None of the answer choices produce an integer when multiplied by 41/12. If 42/12 = 7/2 was meant instead, then 30/7 would have been the answer since the LCM of the denominators 15 and 2 is 30 and since both numerators cancel the denominator of 30/7 when multiplied.

Answer: None

[Max@Math Revolution]

Solution:

We have to find the smallest possible value of x such that x * \(\frac{7}{15}\) and x * 4\(\frac{1}{12}\) are positive integers.

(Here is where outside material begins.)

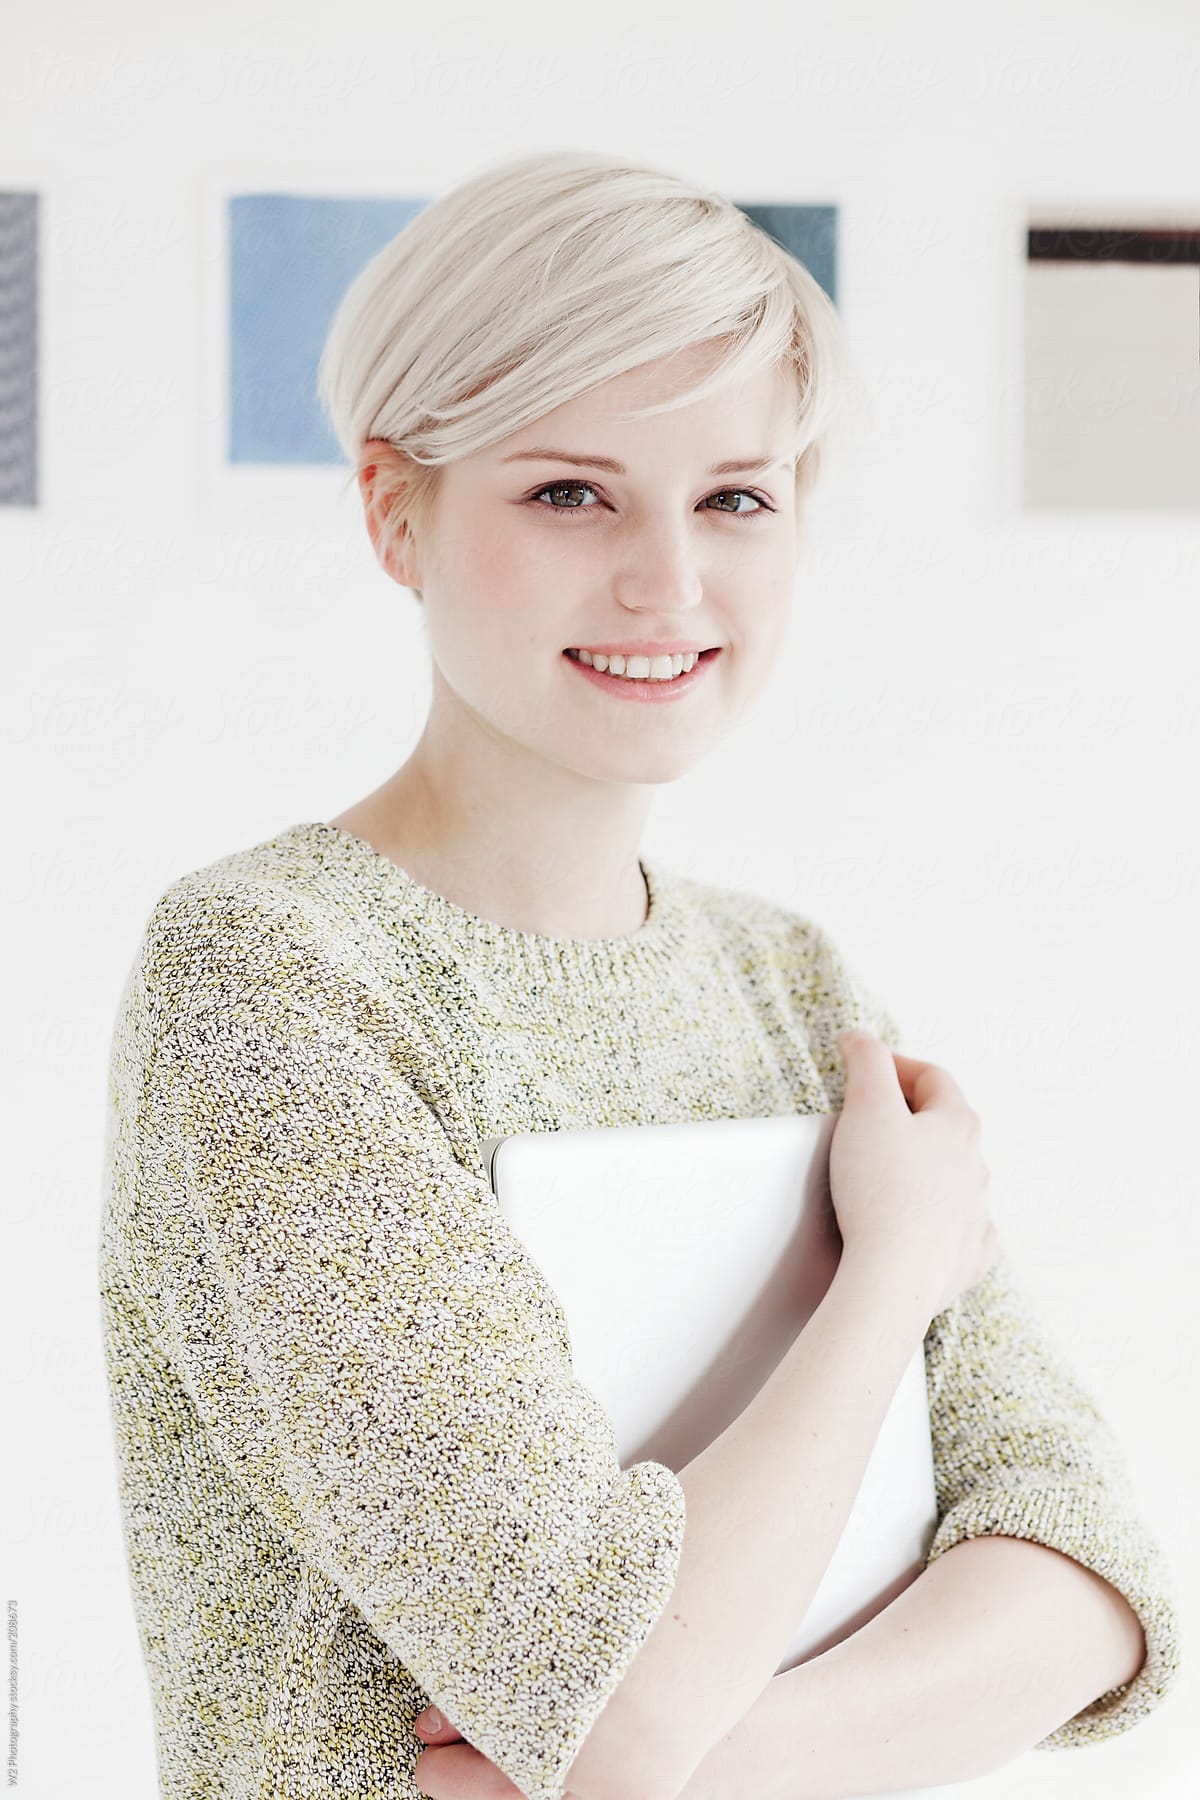 Portrait of a smiling young woman holding a tablet.

=> x *\(\frac{7}{15}\)= p where p is a positive integer and x *\(\frac{49}{12}\) = q where q is a positive integer.

x = \(\frac{15p}{7}\) ---------------(1) and x = \(\frac{12q}{49}\)---------------(2)

Dividing equation (1) by (2), we get:

=> \(\frac{x}{x} = \frac{\frac{15p}{7}}{\frac{12q}{49}}\)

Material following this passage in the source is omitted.